Cheaper means slower, right? “You get what you pay for,” after all. And in 2004, you’d have been spot on the money. AMD chips were considered to be budget processors, offering a lower buy-in price and lower clock speeds in the bargain. Not to mention they tended to have thermal management issues (read: they got hot in a hurry). If you had the scratch to ante up, you’d spring for the Intel Pentium chip, and bask in the glory of maxing out Quake III Arena.
But then Far Cry showed up on the scene and changed everything overnight. Now the graphics card in your rig did more than add some frills to games that ran fine on your CPU. It became a true necessity.
Looking back, it was at this point when the CPU/GPU tag team became central in the fight for personal computing supremacy. For those paying attention, AMD’s acquisition of ATI made perfect sense. It was no longer a one-processor-show any longer.
But meanwhile, Intel still ruled the roost, so AMD bided their time. They researched, developed, and formed a robust ecosystem that included CPU and GPU in symbiosis. Now let’s catch up to the modern era and scout out the battle lines.
Same Stuff, Different Day
AMD announced their Ryzen line of CPUs on December 13th, 2016 — and for the first time, Intel’s smirk faded ever so slightly.
While AMD still offered the cheaper chips on the block, they were no longer the bargain bin write-off Intel and the rest of the PC world had… well, written them off as. Ryzen chips brought plenty of firepower, with more cores and higher clock speeds than AMD had ever fielded. Despite some compatibility issues with RAM early on, the Ryzen series can now stand toe-to-toe with Intel’s best on any given day. Thinking fast, Intel released their Intel Core i9 processor series in May of 2017, refusing to be outdone and asserting that they still had the most powerful chip on the market. But the damage was done, and AMD proved that there was plenty of fight left in them.
History lesson aside, the question remains: is AMD or Intel superior? The stats have the story.
Both AMD and Intel split their processor lines into four key tiers. For AMD, you have the Ryzen 3, the Ryzen 5, the Ryzen 7, and the recently released Ryzen 9, in escalating order of potency.
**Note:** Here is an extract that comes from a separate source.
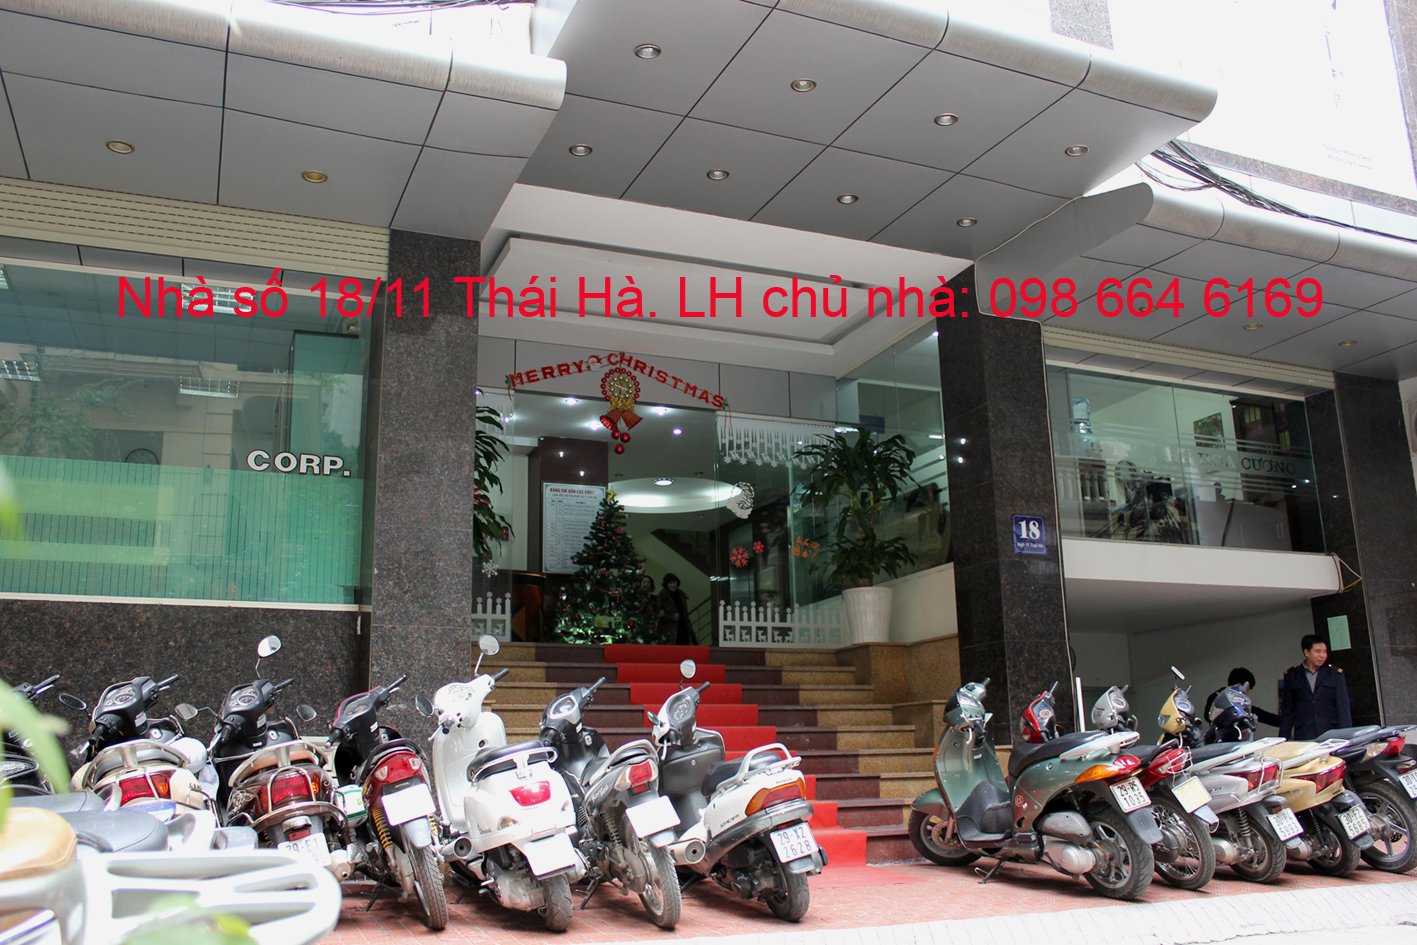 Chủ nhà cho thuê 45m2 văn phòng tại phố Thái Hà Giá rẻ - Dịch vụ chuyên nghiệp

Likewise, Intel offers the i3, i5, and i7, and the i9. An easy way to label these tiers is to consider them entry-level (3), mid-range (5), premium (7), and extreme (9).
AMD Ryzen Series
- Ryzen 3
- Ryzen 5
- Ryzen 7
- Ryzen 9
Each approximately equivalent chip would warrant its own benchmark and comparison score. Frankly, that’s out of the scope of this piece. So we’ll be making some broad generalizations from publicly available benchmarks and scoring metrics.
Just as before, across all tiers, AMD has the price advantage over Intel. And in case the top-tier stock coolers didn’t tip you off, AMD still runs hot relative to the competition. In terms of raw performance, Intel still offers you the best CPU for overclocking, as well as the highest framerates in modern games (when paired with a good GPU or playing CPU-intensive games).
That’s not the whole story, though.
The power gap between AMD and Intel has narrowed dramatically in recent years. The average performance across most games is tightly clustered, with the high-end Intel chips edging out the competition — but only just. They’re all firmly in the “playable” realm above 60 frames-per-second (again, when paired with a good GPU), and the 99th percentile shows that they even fall within just a few FPS of each other.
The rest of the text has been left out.